Первые минуты по прочтении этой прокламации были отмечены общественным недоумением, некоторым раздумьем ввиду неожиданного препятствия, что и было принято властью за признак устрашения, но потом, и весьма скоро, недоумение и раздумье разрешились презрительным смехом. Варшава слишком хорошо уже знала и слишком привыкла к этой "политике мягкой, благодушной кротости и воздержания", которая была в сущности политикой конфуза и недоумевающего бессилия. Военное положение и не удивило, и не остановило Варшаву: она, напротив, желала даже вызвать новое кровавое столкновение народа с войском.
Несколько ранее правительственной прокламации было выставлено во множестве экземпляров украшенное портретом Костюшки объявление тайного комитета.

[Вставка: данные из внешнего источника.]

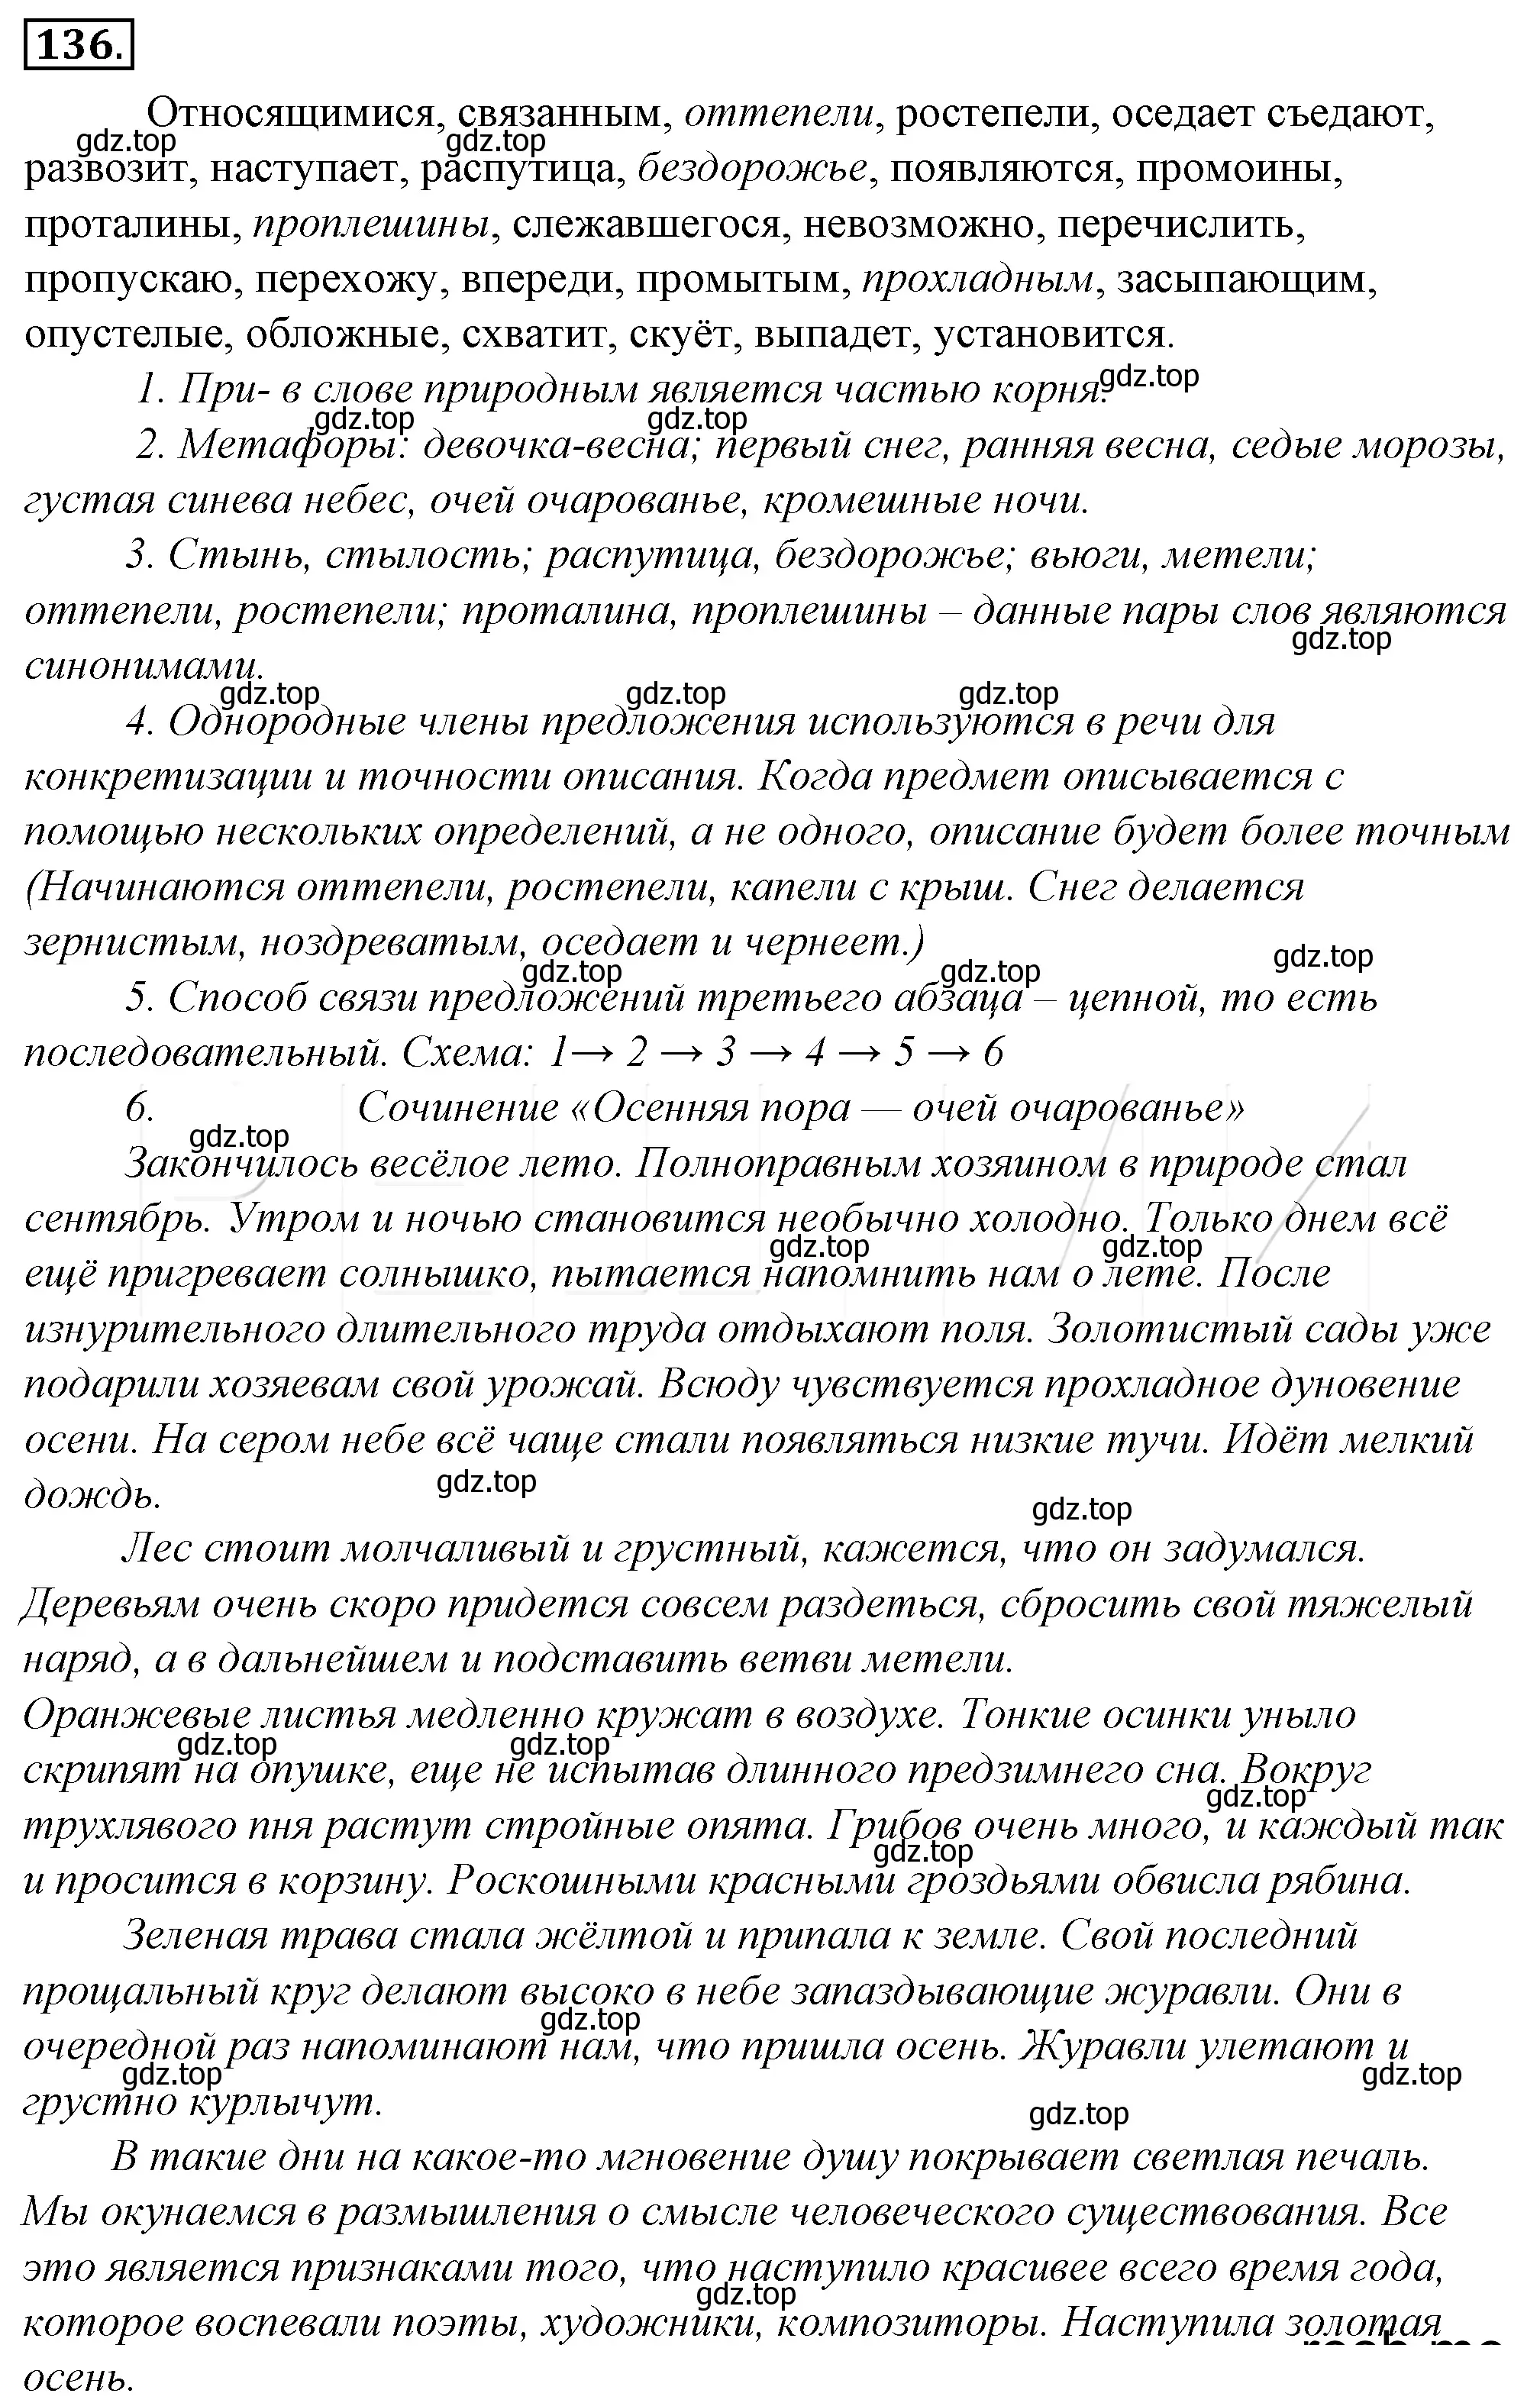 Решение 4. номер 160 (страница 146) гдз по русскому языку 10-11 класс Гольцова, Шамшин, учебник 1 часть
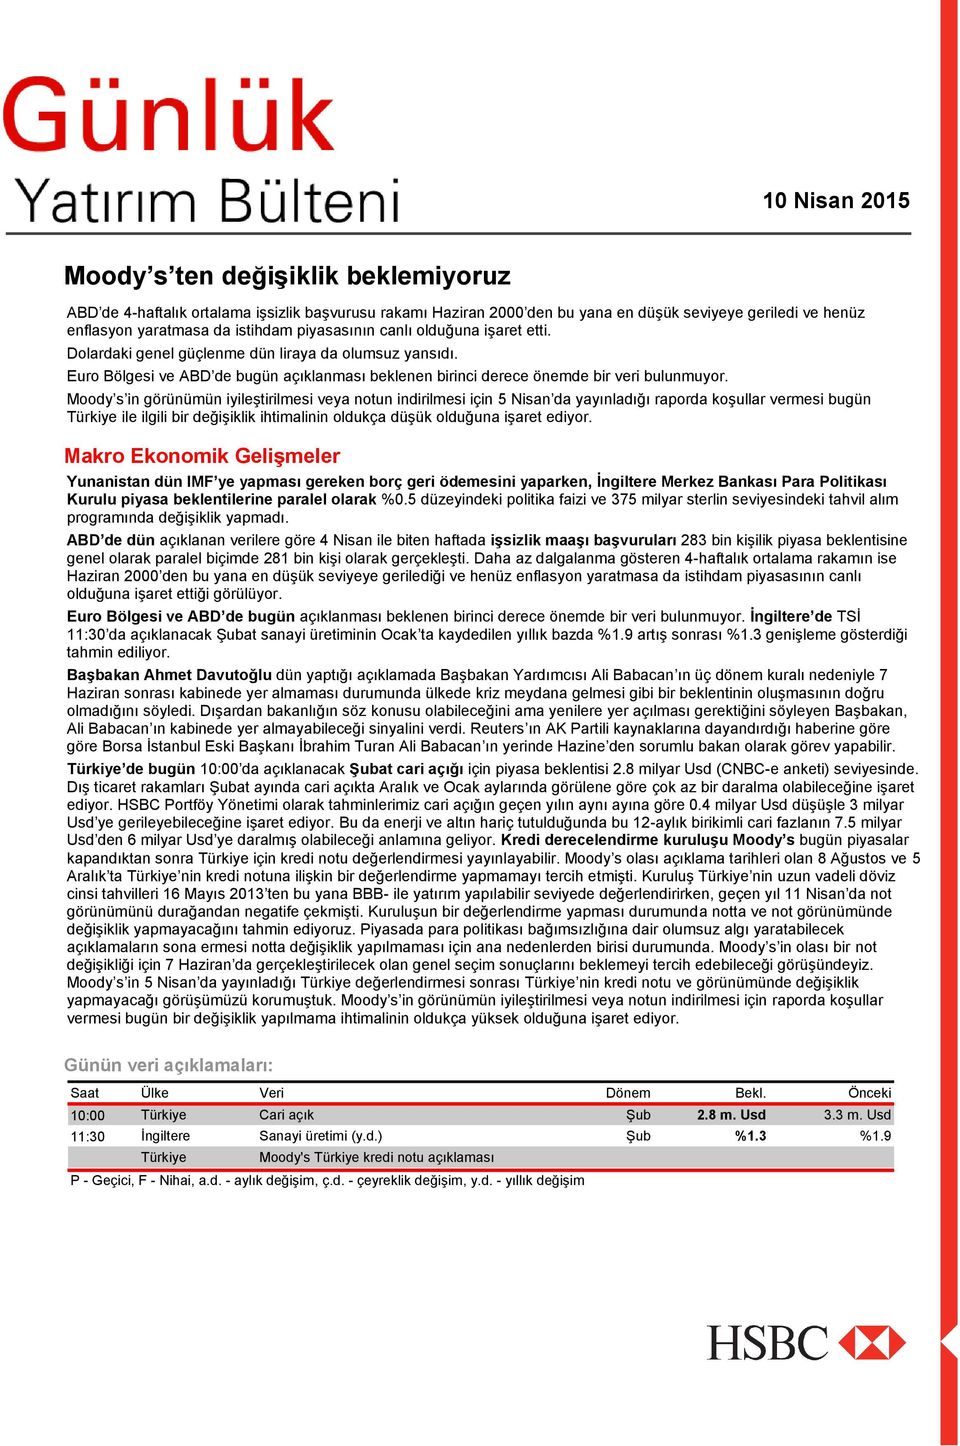 Moody s in görünümün iyileştirilmesi veya notun indirilmesi için 5 Nisan da yayınladığı raporda koşullar vermesi bugün Türkiye ile ilgili bir değişiklik ihtimalinin oldukça düşük olduğuna işaret

Теперь же оно разными таинственными путями стало распространяться еще более. Оно гласило к народу:
"15-го октября - годовщина смерти покойного Фаддея Костюшки. В день этот постановлено почтить память вождя, ниспосланного Богом для возрождения и избавления Польши от ига, - вождя, который выполнил свою жертву пред Богом и отчизной, хранив непоколебимо до последней минуты своей жизни пречистое польское и христианское знамя. Будем же далее нести с самопожертвованием это знамя истины и свободы, дабы оно соделалось триумфом, радостью и основой величия и счастия великого по мысли Божией народа!"
Итак, на другой день после объявления военного положения, с утра еще все лавки в городе были заперты и ни одна из них не открылась при наступлении обычного часа. Хотя 15-е октября было днем будничным, однако же народ густыми толпами, как словно в великий праздник, валил в костелы, а по преимуществу к фаре, к бернардынам и к массионаржам {Миссионерам.}, которых костел Свентего Кржижа {Св. Креста.} с 60-го года сделался самым модным в Варшаве, так что громадная церковь не могла вместить в себе желающих молиться и петь в ней гимны, а потому отцы миссионаржи стали продавать места в своем храме, и таким образом за привилегированное место на хорах модные аристократические клерикалки платили святым отцам по 100 и по 150 руб. годовой платы. Приготовления к торжественной панихиде делались во всех вообще варшавских костелах, но в этих трех они должны были поразить своим великолепием: пышные катафалки, цветы, знамена, эмблематические знаки и изображения, декорации - все это должно было напоминать народу старого вождя и кричать о страданиях ойчизны.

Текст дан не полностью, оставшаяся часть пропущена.